11.6.2. Using a driver to monitor arbitrary data sources

The solution in the previous section is nice because it’s implemented entirely using gnuplot’s own facilities. But it also has some drawbacks:

  • It’s a polling solution. Gnuplot polls its input source constantly, whether there is new data or not. As a rule, polling architectures are more resource-intensive than other solutions.
  • It’s not flexible, because any processing of the data would have to be accomplished using gnuplot’s limited scripting capabilities.

The approach presented in this section is different, because it relies on an intermediate layer, written in a general-purpose programming language (Python, in this case, but it could, of course, be anything). The script in listing 11.10 acts as a filter: it gathers data from standard input and passes it on to gnuplot only if new data is available. It therefore implements a “push” model, rather than the “pull” model of the previous solutions. The script also acts as a buffer, storing the most recent set of points and passing the points to gnuplot. This is necessary because now the file system is skipped entirely, and gnuplot itself doesn’t retain data between plots.

Listing 11.10. A data monitor in Python (file: monitor.py)

The script runs gnuplot as a subprocess and communicates with gnuplot by writing to gnuplot’s standard input via a pipe. The script reads incoming data from its own standard input (not from a file), splits and parses the intake, and pushes it onto a buffer, before passing it on to gnuplot. In this case, there is no need for gnuplot’s stats command, because the determination of the plot range is now done in the Python script.
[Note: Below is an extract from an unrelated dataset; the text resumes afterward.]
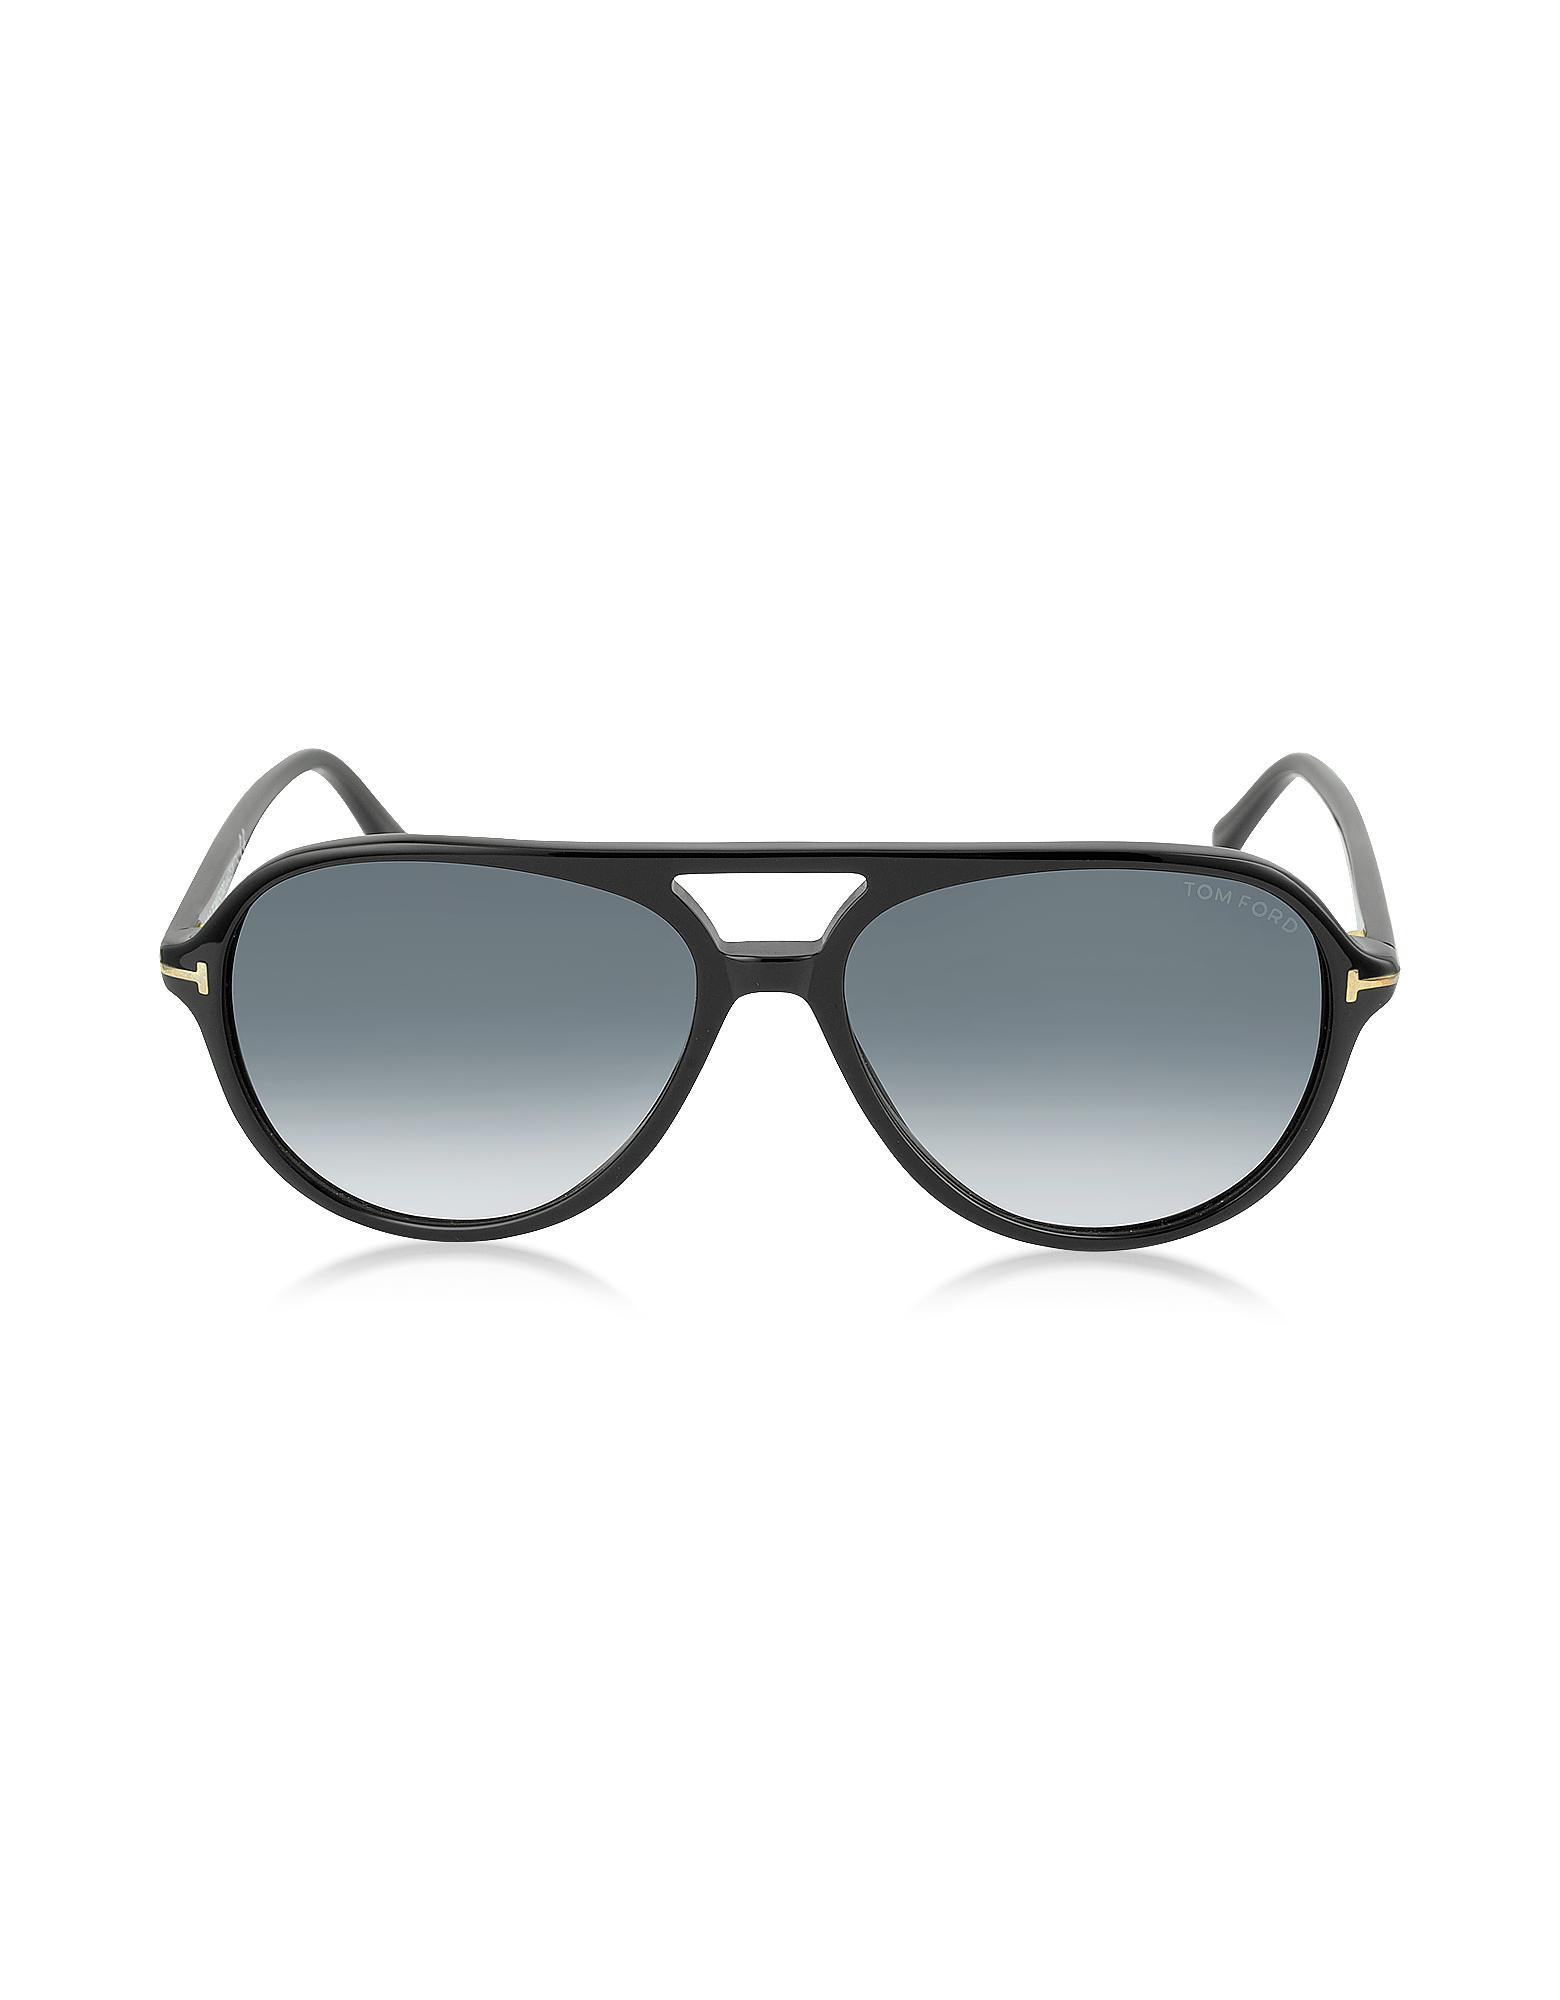 384cb27b09 JARED FT0331 Gafas de Sol de Acetato con Montura Estilo Aviador Tom ...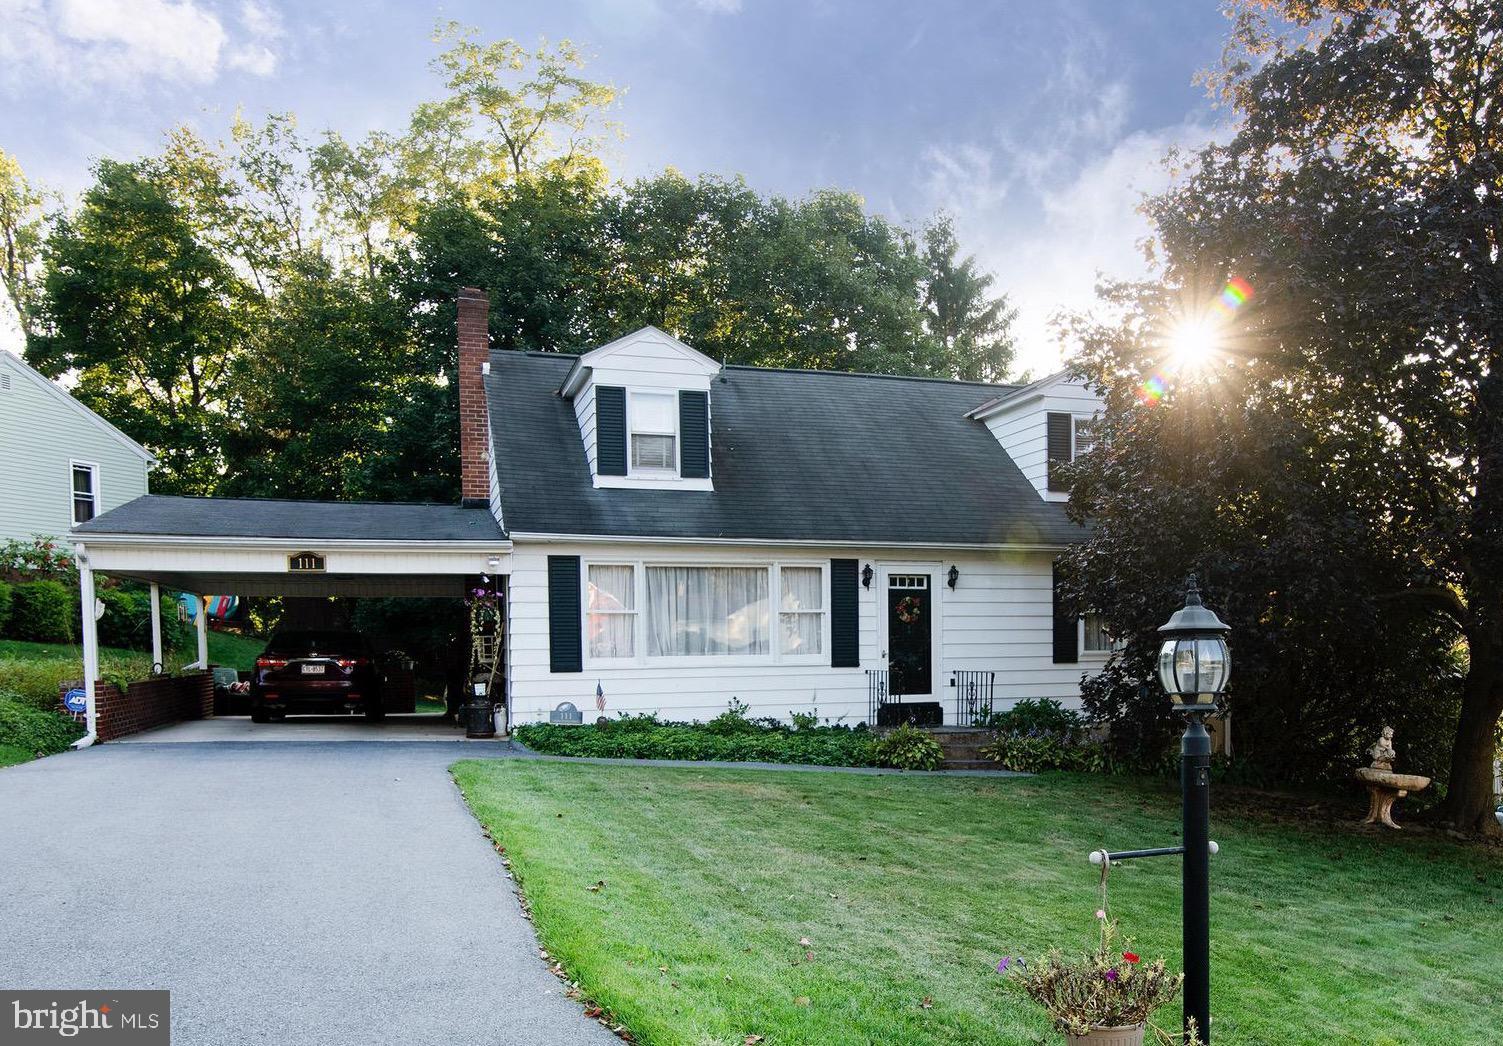 Find Homes for Sale in Pottsville, Greater Philadelphia

The script is straightforward. Only two Python-specific implementation details require comment:

  • To achieve real-time behavior, all input and output must be unbuffered. This is the reason the script uses sys.stdin.readline() in a while loop, instead of the more familiar idiom for line in sys.stdin:. Also, make sure to run this script using Python’s -u command-line option.
  • The line buf = buf[-buflen:] retains the last buflen elements in the array. If the array contains fewer than buflen elements, then all of them are retained.

It should be clear that listing 11.10 is only the beginning. Not only are all features missing that would make the program more robust (error-handling, and so on), but the function of the script could be extended in many ways:

  • Observe and combine multiple input sources. The script in listing 11.10 listens to its own standard input—instead, it could keep tabs on a range of different log files, combine data from all of them, and generate a unified status plot.
  • Conversely, split a single, heterogeneous input source into multiple data streams, and maintain several gnuplot processes, each of which is used to plot only a single output channel.
  • Statistically manipulate the data, remove outliers, and identify trends. The results of a predictive model could be combined with the raw output so that both can be plotted together and compared easily.
  • Make any other modifications you can think of ...

The options are endless but have little to do with our primary topic, which is gnuplot. Listing 11.10 is only intended to get you started.

11.7. Summary

In this chapter, you learned about ways to automate gnuplot tasks. Gnuplot provides some programming constructs, such as loops and conditionals, but for more complicated tasks, it may be more convenient to “drive” gnuplot from an external programming language as a subprocess.

Another way to automate tasks is to capture all the required gnuplot commands in scripts that can be run by themselves, as batch processes, or even as part of Unix pipelines. In chapter 12, you’ll learn about additional uses for script files.

Gnuplot’s automation capabilities enable the creation of animated graphics. We demonstrated the basic principles and then used them in a particularly interesting application: the real-time monitoring of a live data stream.